LLMs are powerful, but by themselves they are not really “agents.”

A model can generate text. It can explain code. It can suggest commands. It can describe how to fix a bug.

But it cannot actually inspect your project, read files, edit code, run tests, or iterate on the result unless something around it gives it those abilities.

That “something” is what I call an Agent Harness.

An Agent Harness is the runtime layer that connects an LLM to:

user input
conversation history
tools
tool results
safety rules
approvals
model/provider configuration
session state

In simple words:

An Agent Harness is the system that turns a language model into an acting system.

I recently built my own terminal coding agent, uai-agent, and the biggest thing I learned is this:

Building a small harness from scratch is the best way to understand agents.

Not reading papers.

Not only using LangChain or existing frameworks.

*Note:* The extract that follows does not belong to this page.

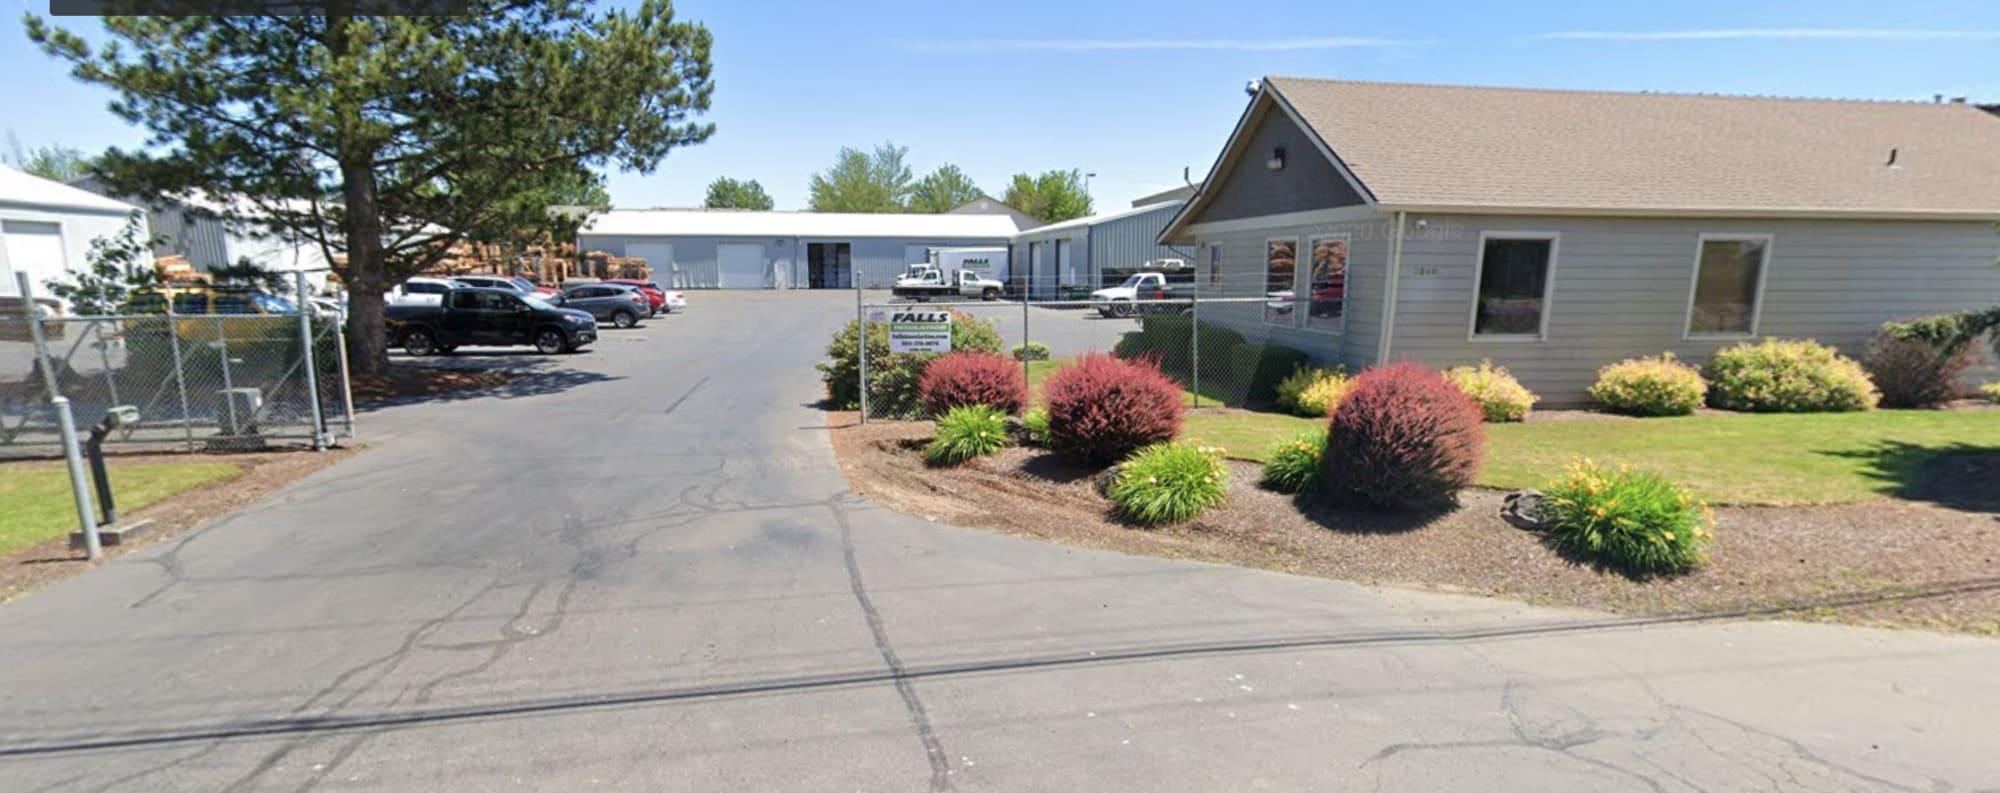 PG Long Flooring store - 3250 Fisher Rd NE Salem, OR 97305

Not only prompting ChatGPT.

Actually building the loop yourself teaches you what agents really are.

In this article, I want to break down the two most important parts of an Agent Harness:

The Loop
The Tools

These two pieces are the heart of the system.

What Is an Agent Harness?

A basic LLM app usually looks like this:

User input
→ LLM
→ Response

That is just chat.

An agent harness looks more like this:

User input
→ LLM
→ Tool call?
→ Execute tool
→ Send tool result back to LLM
→ LLM continues
→ Repeat until final answer

This repeated cycle is what gives the agent the ability to act.

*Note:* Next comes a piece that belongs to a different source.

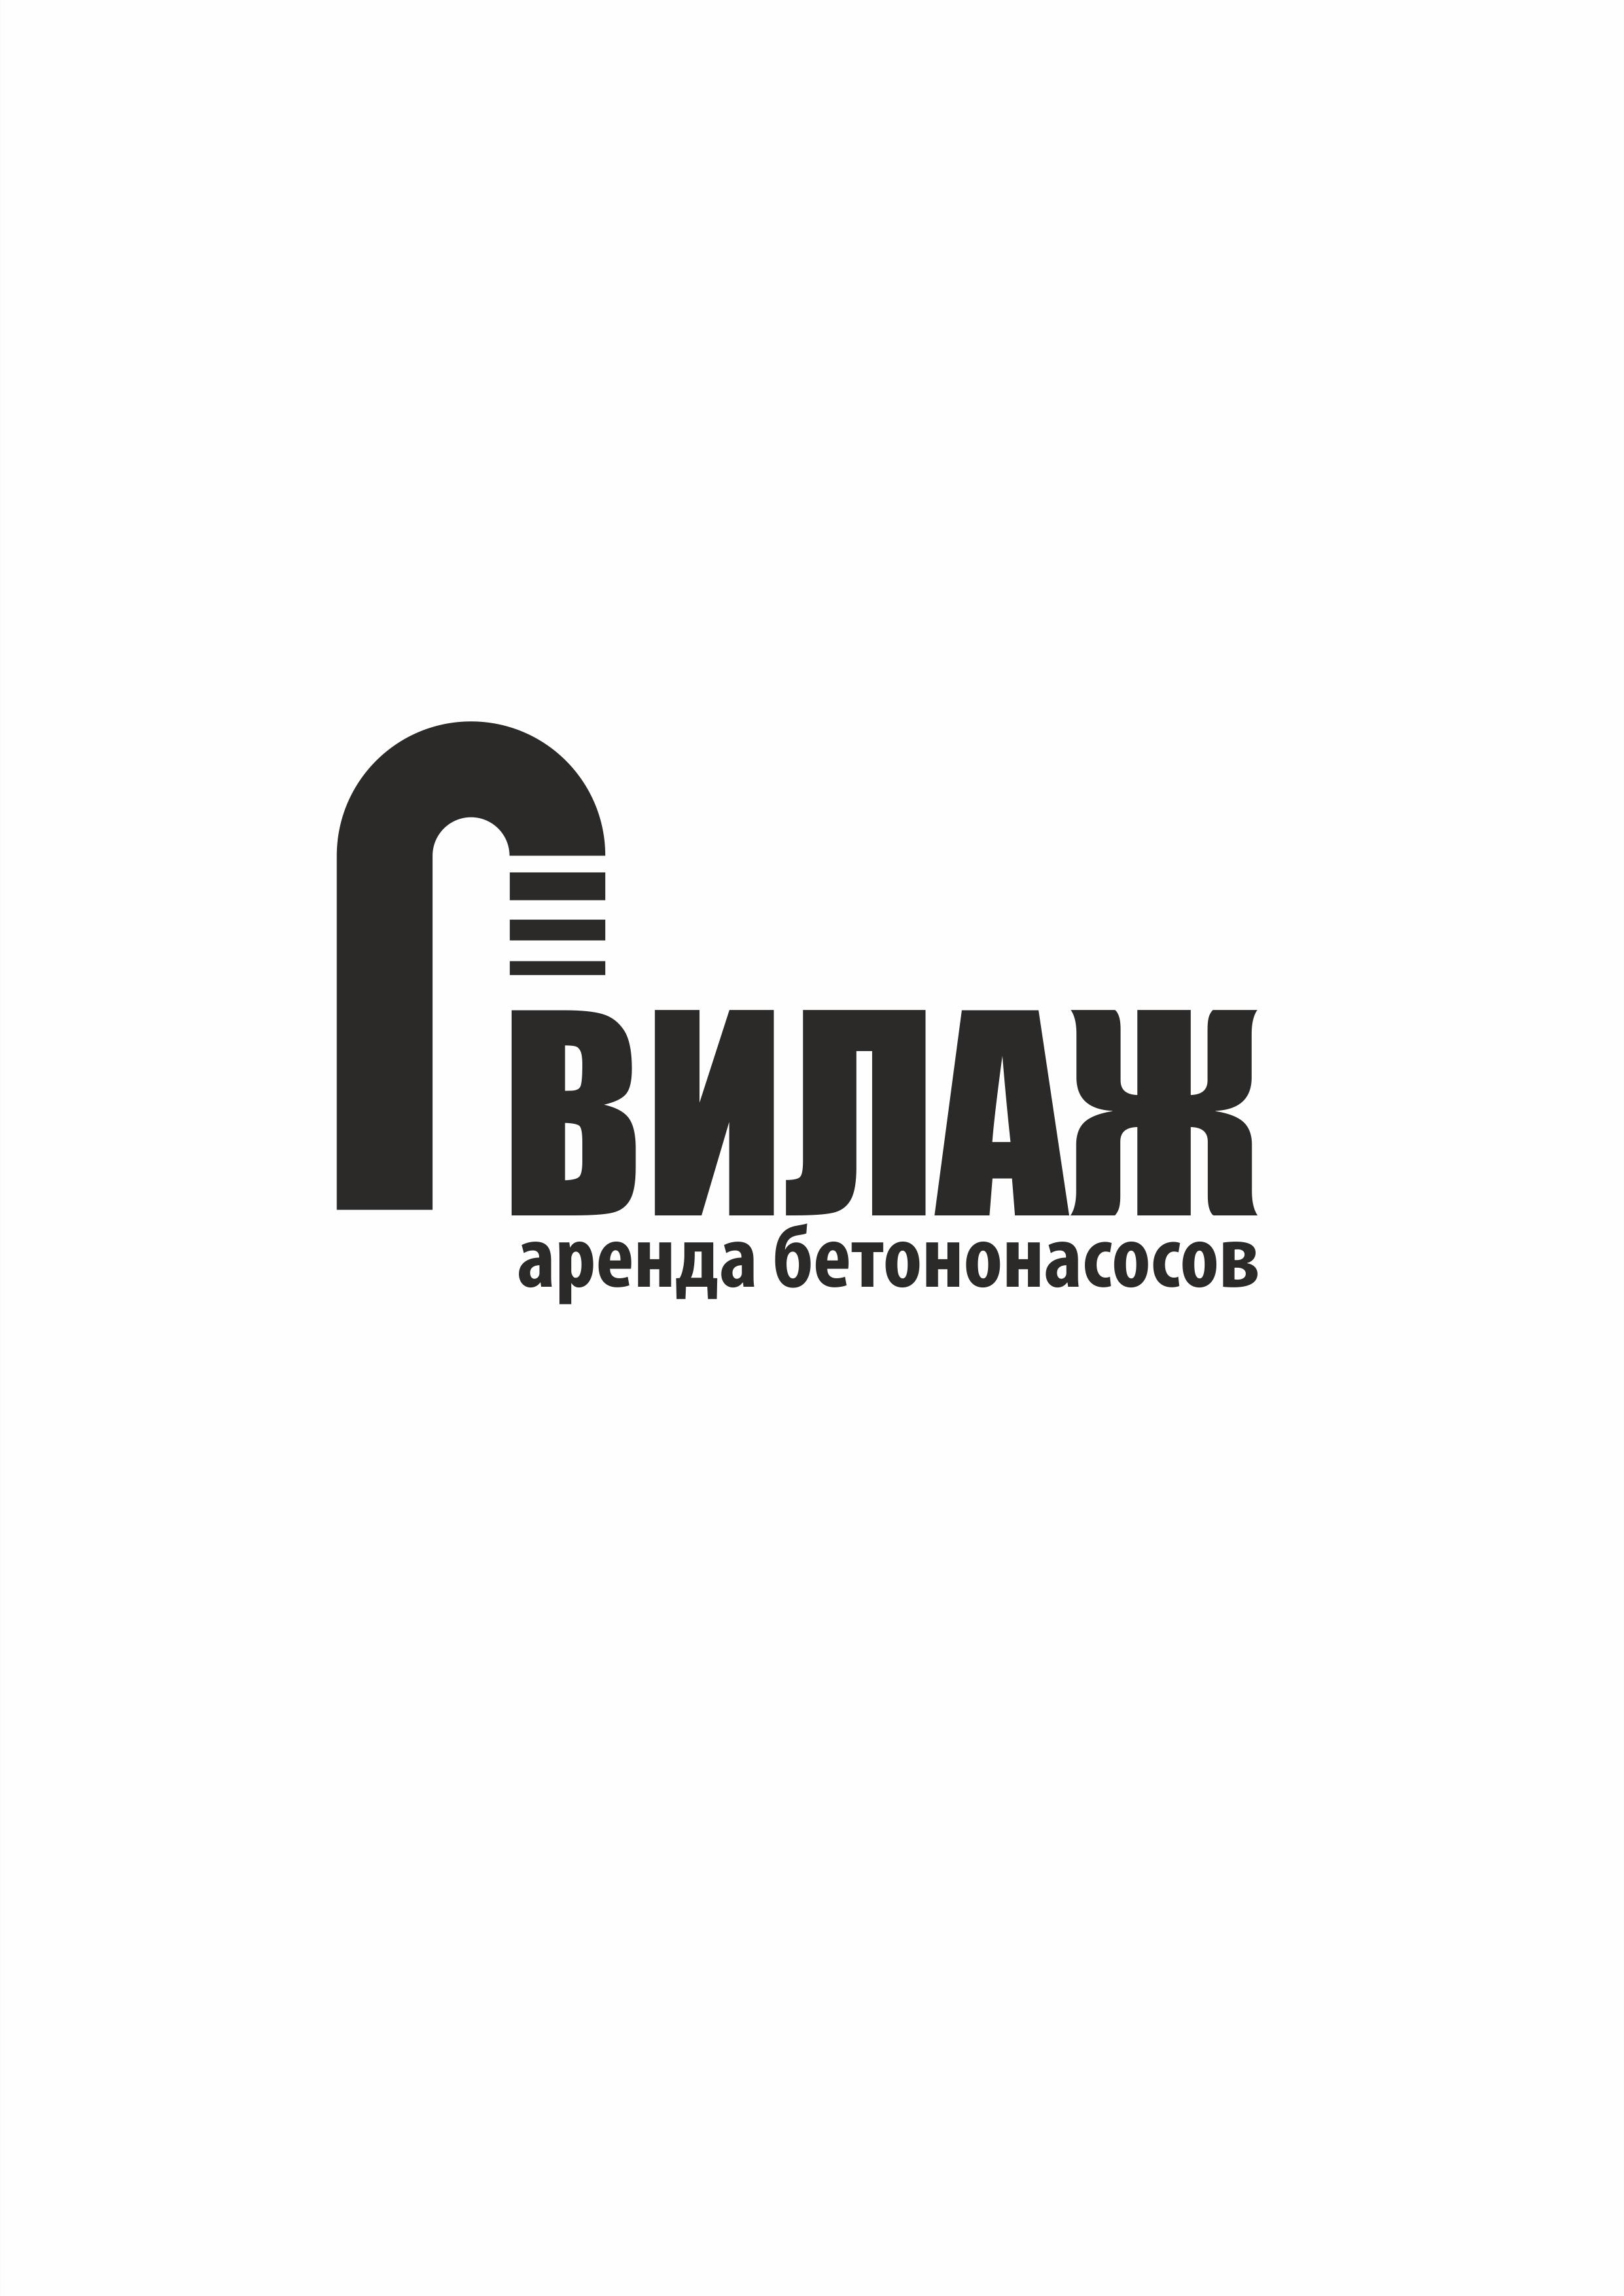 Логотип для компании по аренде спец.техники фото f_8015991f87b62e64.png

In my project, the harness runs inside the terminal. The goal is to let an AI coding assistant work inside the current workspace while still giving the developer control.

The agent can:

read files
write files
edit files
run safe shell commands
use workspace context
switch models/providers
save and load sessions
ask for approval before risky actions

The project structure looks like this:

uai-agent/
├── index.js              # Main CLI and agent loop
├── config.js             # Provider, model, and approval configuration
├── config/
│   ├── SYSTEM.md         # Agent behavior instructions
│   └── tools.js          # Tool schemas exposed to the model
├── tools/
│   ├── bash.js           # Controlled shell execution
│   ├── fsOps.js          # File read/write/edit operations
│   └── toolCall.js       # Tool dispatching
├── utils/
│   ├── approval.js       # Approval workflow
│   ├── pathSecurity.js   # Workspace restrictions
│   ├── userAppend.js     # Context tag processing
│   └── commands.js       # Slash command handlers
└── test/

The important idea is that the model is not directly touching my computer.

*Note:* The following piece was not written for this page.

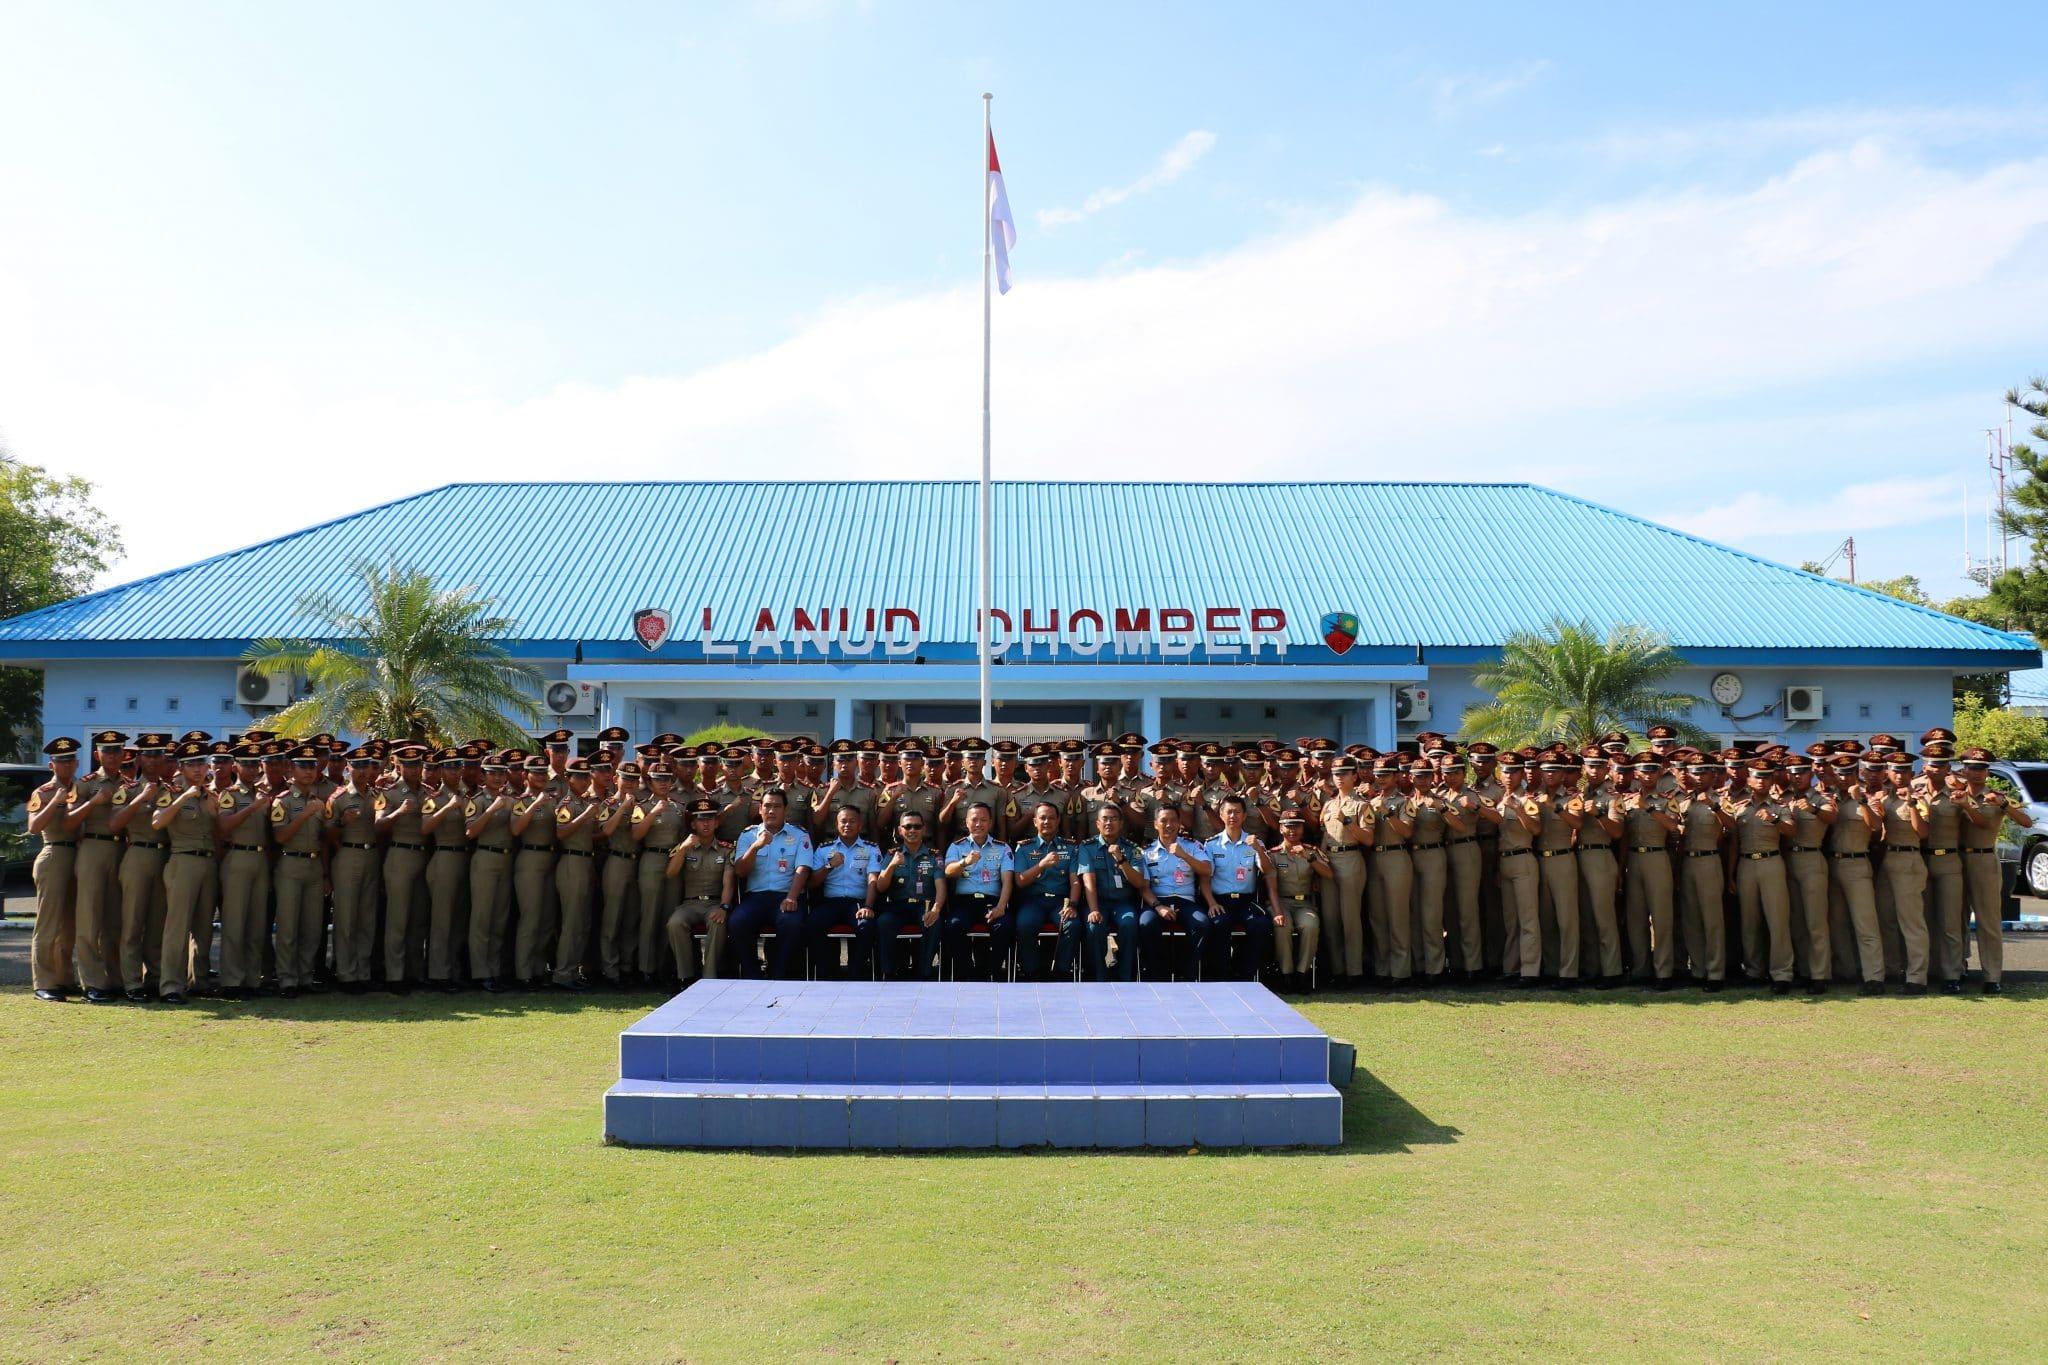 Lanud Dhomber Terima Kunjungan Kehormatan Taruna/Taruni Akademi Angkatan Laut (AAL)

The model only produces structured tool requests.

The harness decides:

whether the tool exists
whether the arguments are valid
whether the operation is safe
whether the user must approve it
how to execute it
how to send the result back to the model

That separation is the core of a good agent harness.

Part 1: The Loop

The loop is the heart of the agent.

Without a loop, the model can only answer once.

With a loop, the model can:

receive a task
inspect the project
call a tool
observe the output
make another decision
continue until the task is done

A simplified version of the loop looks like this:

while (true) {
  const userInput = await askUser()

  messages.push({
    role: "user",
    content: userInput
  })

  const response = await model.chat({
    messages,
    tools
  })

  if (response.hasToolCalls) {
    messages.push(response.assistantMessage)

    const toolResults = await executeTools(response.toolCalls)

    messages.push(...toolResults)

    continue
  }

  messages.push({
    role: "assistant",
    content: response.content
  })

  print(response.content)
}

That is the basic shape of an agent.

The important thing is not just calling the model.

The important thing is maintaining the conversation state.

In my actual harness, the conversation is stored in a message array:

const msgArray = [
  {
    role: "system",
    content: systemPrompt
  }
]

Every user message, assistant response, tool call, and tool result gets added to this array.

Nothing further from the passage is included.